Objectives: Determine the properties of the distribution of the mean of 40 exponentials witn lambda=0.2. Determine that the EPD obtained follows the CTL.
Methods: An statistical inference analysis via simulations in R.
Results: The sample mean is 4.99 while the theoretical mean of the distribution is 5. The sample variance is 25,064 while to the theoretical variance of the distribution is 25. The distribution for a large collection of averages of 40 exponentials is approximately normal. However, the distribution of a large collection of random exponentials is exponential.
Conclusions: the Central Limit Theorem (CLT) applies to Exponential Probability Distributions (EPD) too.
What are the most dangerous/damaging weather event types in the United States?
Background: USA experiences meteorological disasters each year causing deaths, injuries, property damages, and disruptions to commerce.
Objectives: Determine, which types of events (as indicated in the EVTYPE variable) are most harmful with respect to population health and which ones have the greatest economic consequences, across the United States.
Methods: An exploratory statistical analysis.

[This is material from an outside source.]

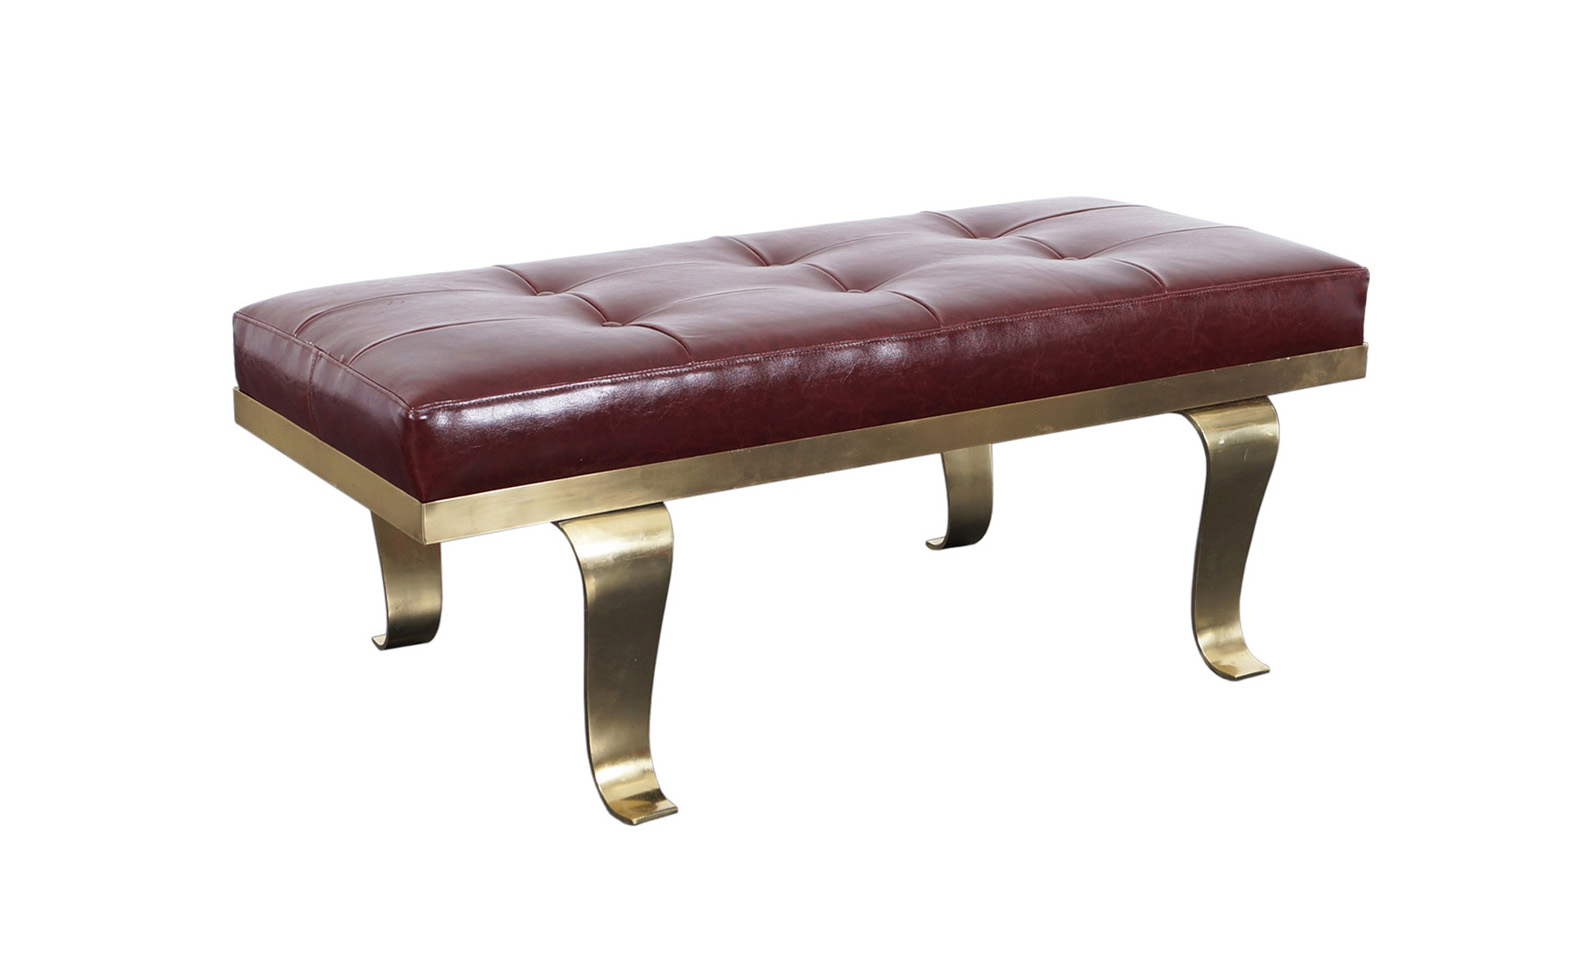 Modernist Brass & Leather Bench Attributed to Arturo Pani
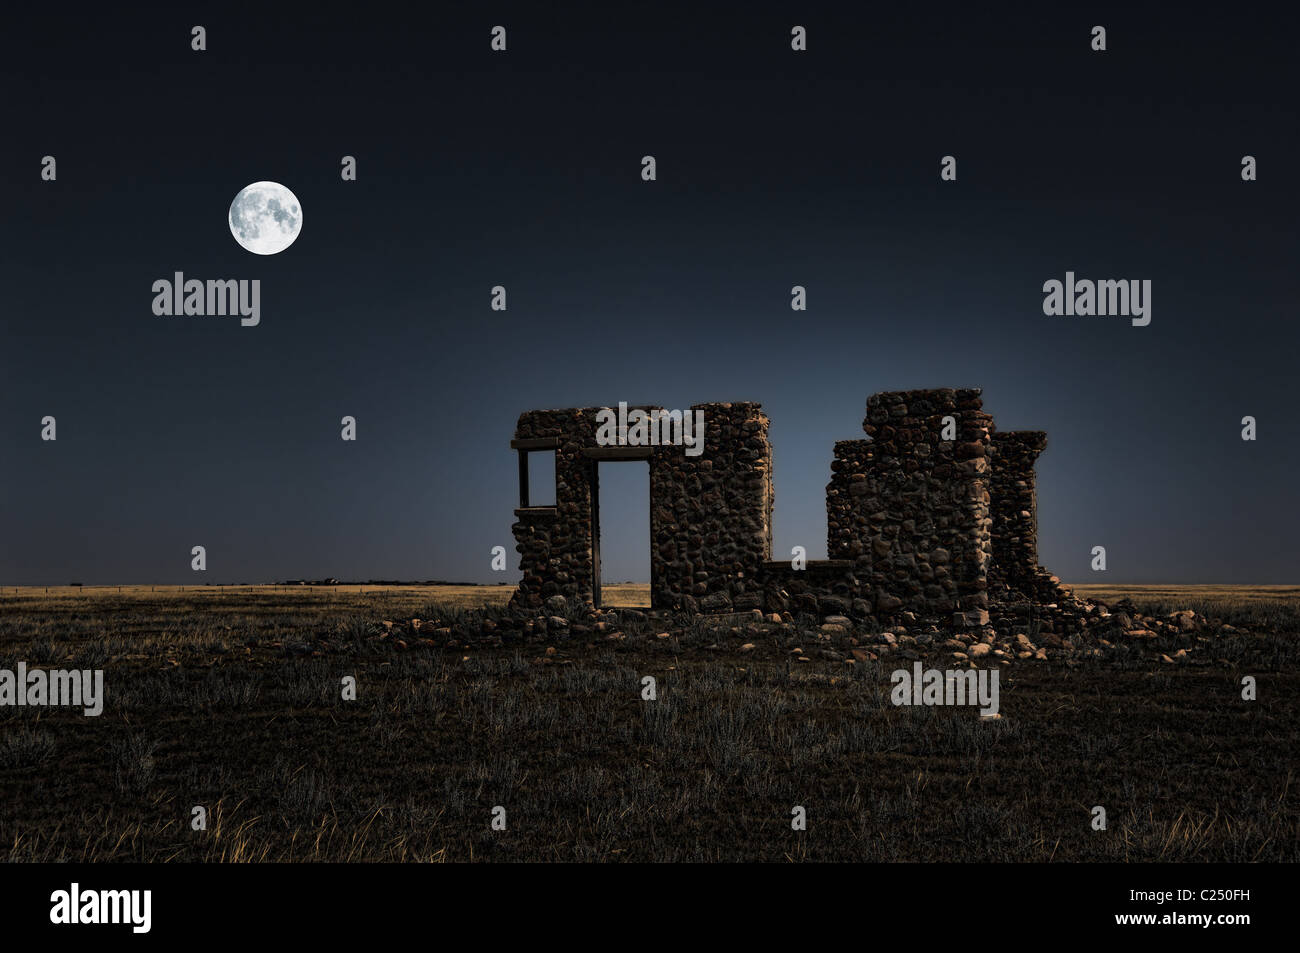 A surrealistic image of the ruins of an old stone farmhouse at night with the moon in the background. Stock Photo

The data comes from the US NOAA Storm Database, 1950-2011.
Results: Tornadoes, Heat and Floods are the weather event types that cause the highest number of injuries and fatalities in the United States. Floods, Hurricanes or Typhoons, and Storm Surges/Tides cause the greatest economic losses in the United States.
Conclusions: The graphs show a trend of annual increase in the amount of material losses. The same pattern is observed in the fatalities and injuries variables.